More oil means you're less likely to bottom. You won't get full travel. But why? If the fork is still going to be as tall as it was,, you might as well use all of the travel.

A more viscous oil will only add damping. It will add compression AND rebound. Marzocchi ships with 7.5wt Golden Spectro. If you use another brand's 15wt, it may actually be less viscous than GS.


----------



## da_eddio (Sep 23, 2006)

the main reason i want to avoid lowering the fork but limit the travel is that i dont need it all for the riding i do, and to lower it wouldnt be a good idea as im 6'4 and i would feel far to hunched over, i just want to stiffen it up and take away the massive dip in travel, if that makes sense hehe.

thanks for the suggestion of golden spectro, i will try to look for this particular brand!


----------



## snaky69 (Mar 8, 2005)

Add more air, those forks can easily hold over 50psi. the recommended 15psi per leg is already very very stiff.

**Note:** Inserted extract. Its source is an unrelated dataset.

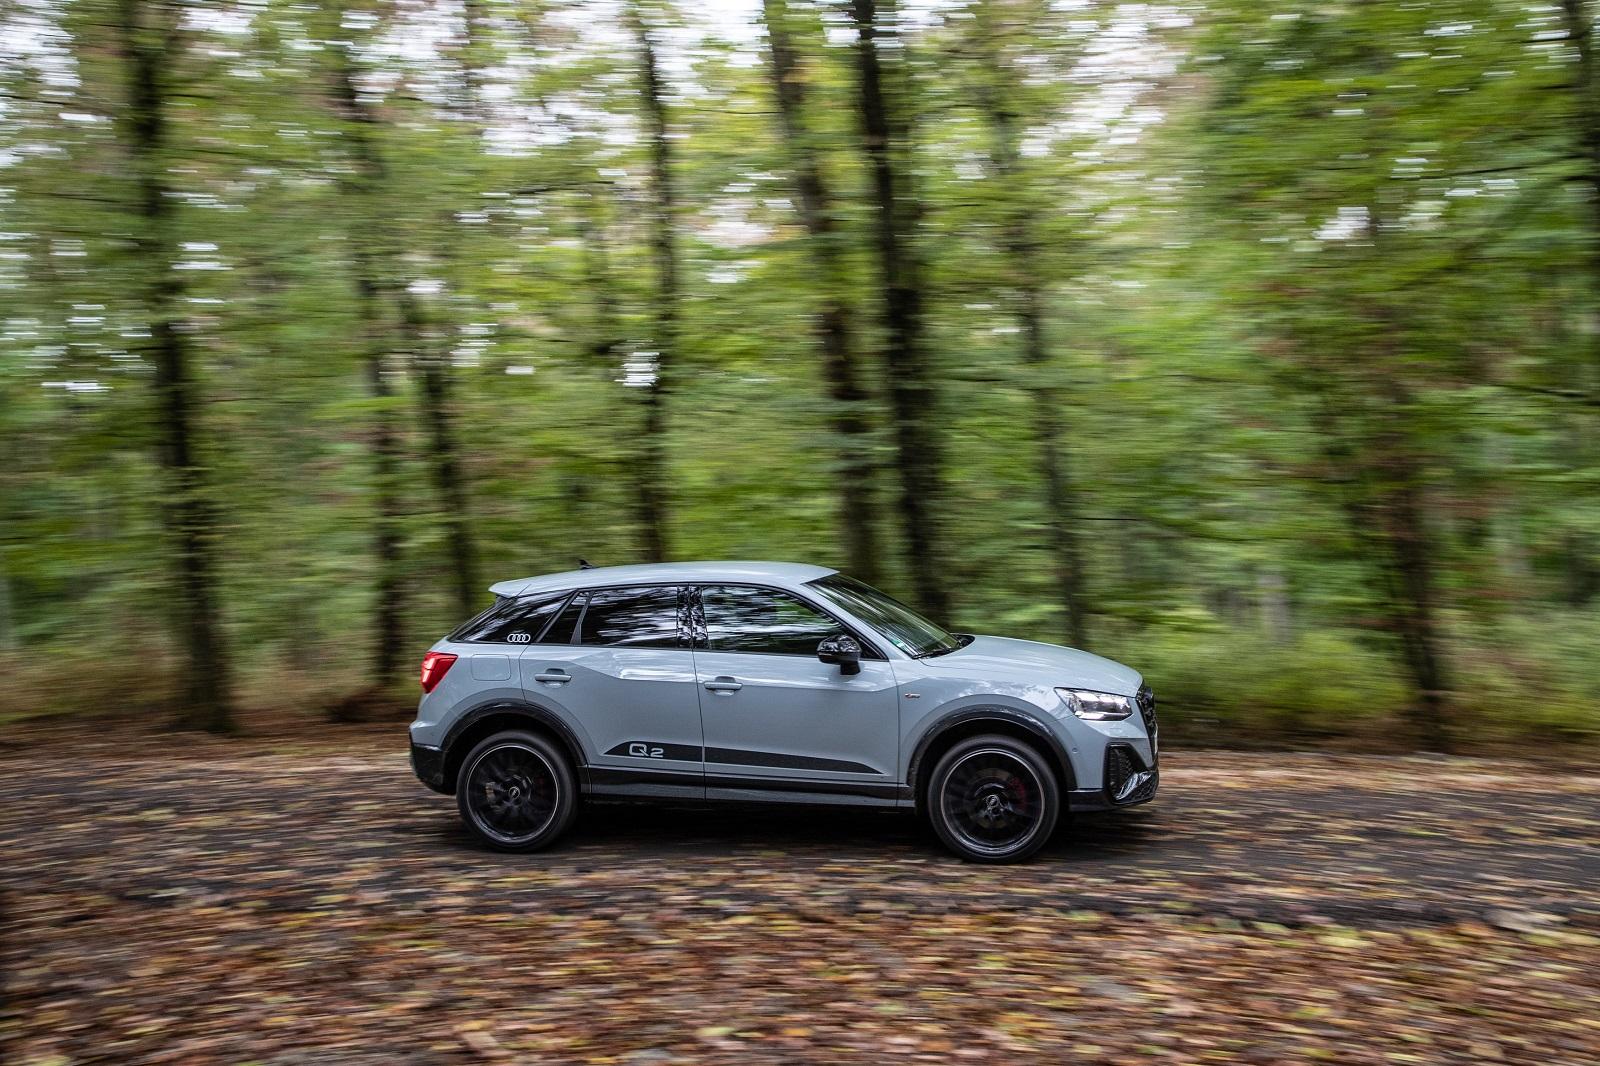 La nuova Audi Q2 2021. Il colore dell'auto in foto si chiama arrow gray

I'm running 5 psi(approx) in each leg on my tuned Z1 and I'm only getting all travel on big drops to flat(don't do those often, but they're fun to hit once in a while) and on bigger jumps. I weigh 155lbs.

Adding thicker oil will slow rebound and compression stroke, can be nice or not, depends on how you like your fork to feel. Adding too much oil will prevent bottoming out and limit travel, but hydro lock can potentially be damaging to the fork's internals.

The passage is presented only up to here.